§ **WHAT YOU HAVE TO DO**
Since pictures are not part of the copy, please output only the lines from the one with "The Best Marketing" through the end of the data below, exactly as written.

---- DATA BELOW

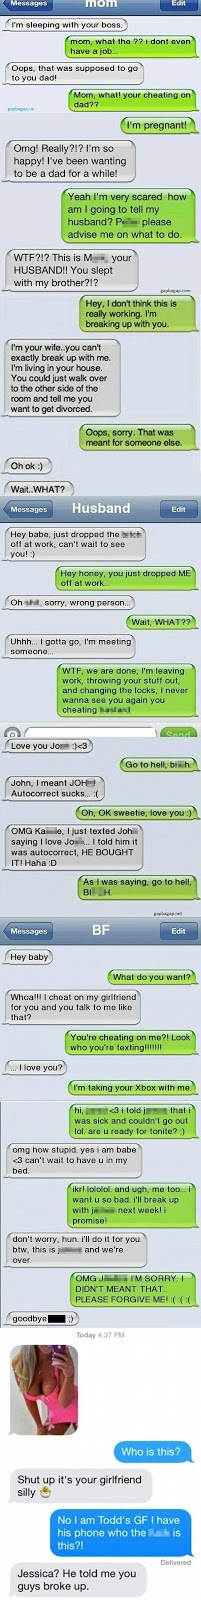 #LOL: Top 8 Hilarious Text Messages By Cheaters ft. Wrong Person
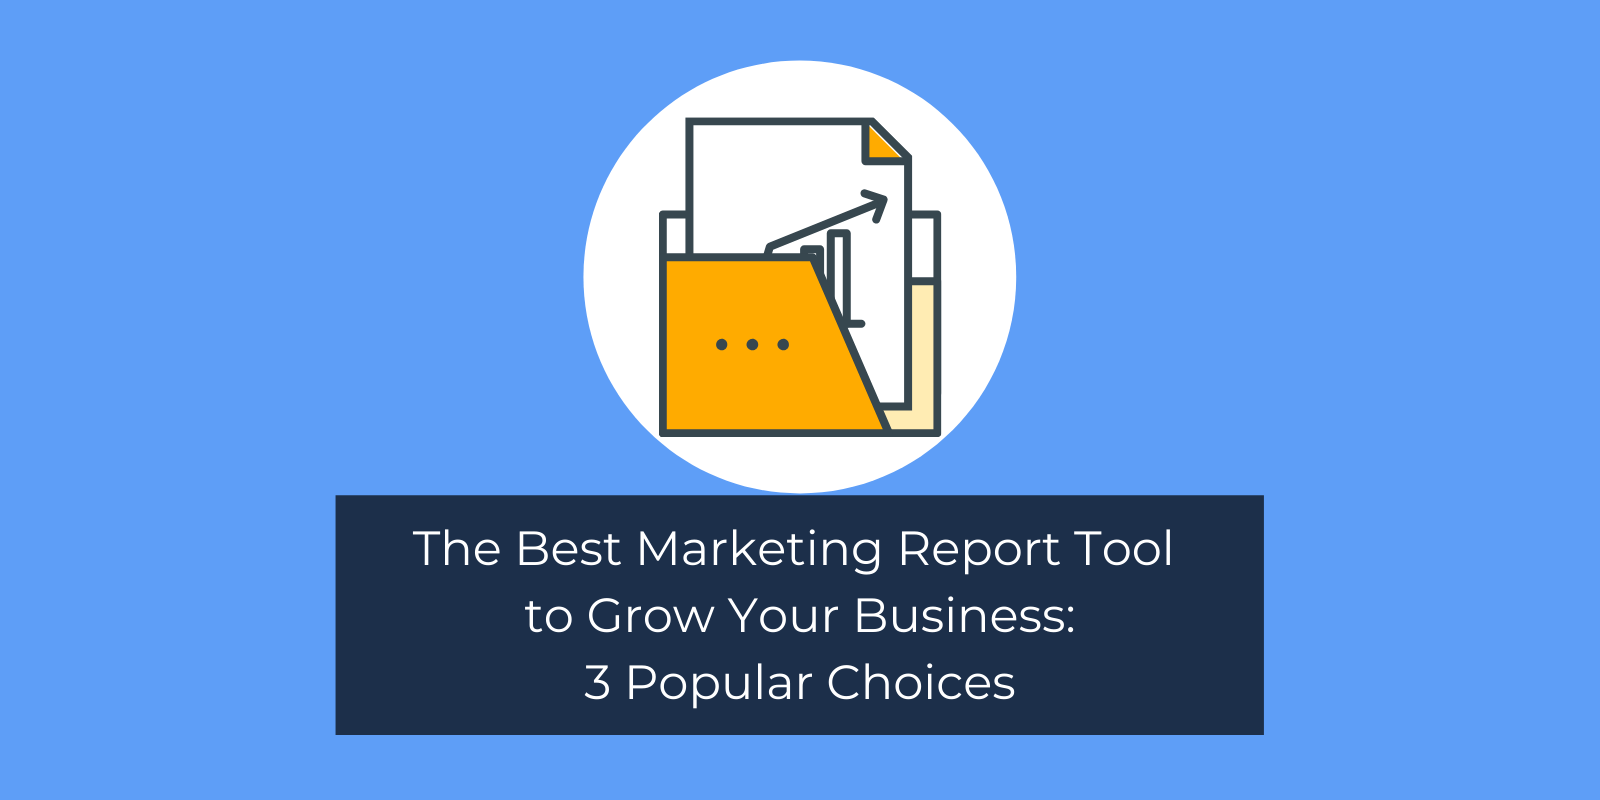 The Best Marketing Report Tool to Grow Your Business: 3 Popular Choices
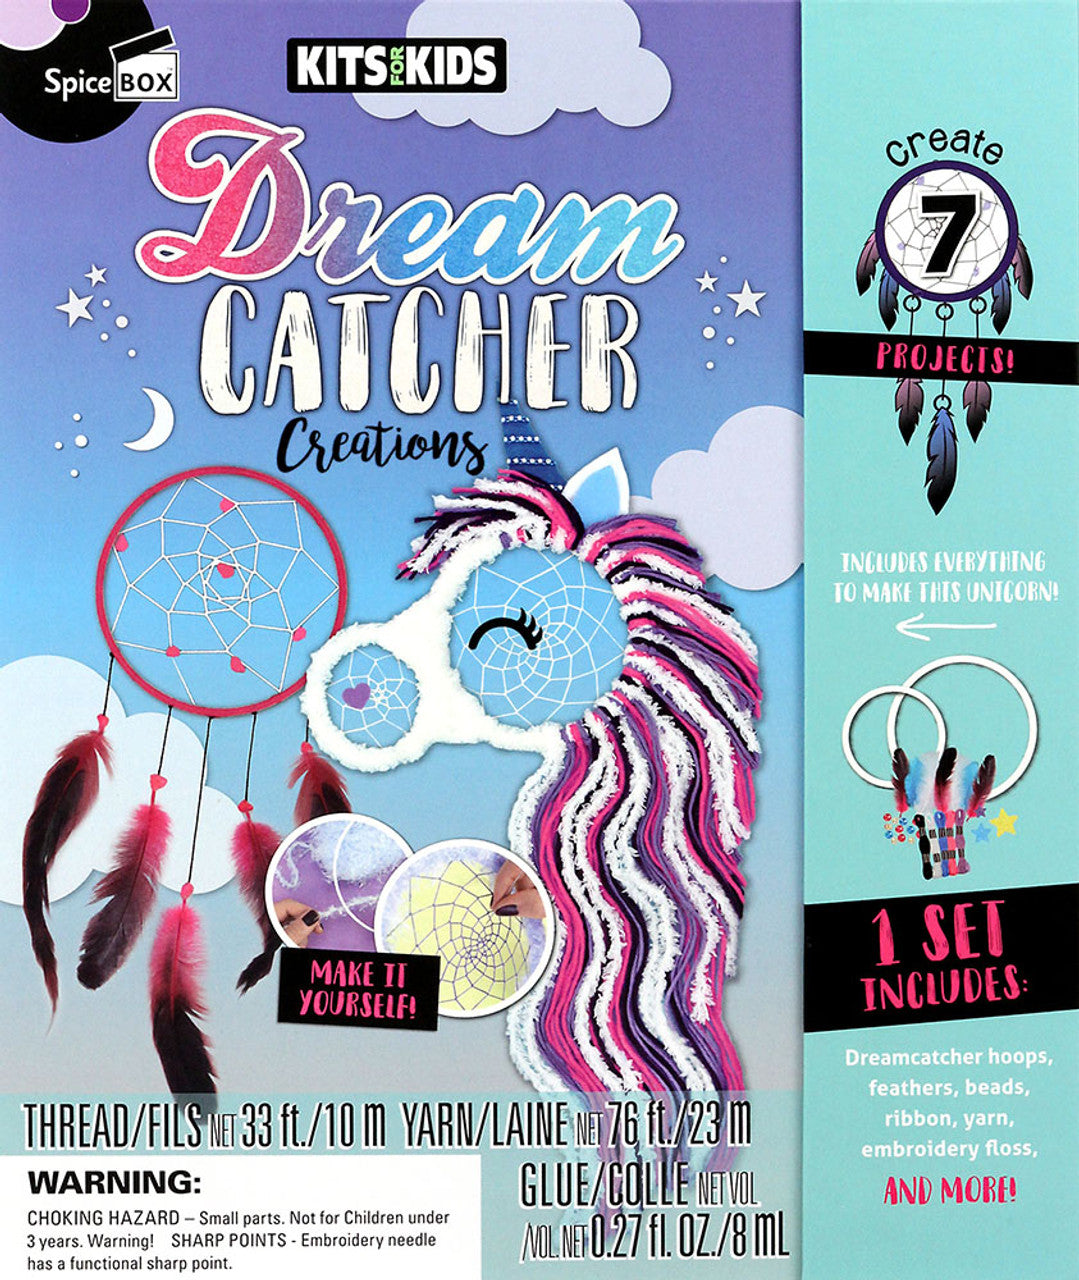 SpiceBox Kits for Kids Dreamcatcher Creations

--------

§ **SOLUTION FOR THIS PROBLEM**
 The Best Marketing Report Tool to Grow Your Business: 3 Popular Choices
 SpiceBox Kits for Kids Dreamcatcher Creations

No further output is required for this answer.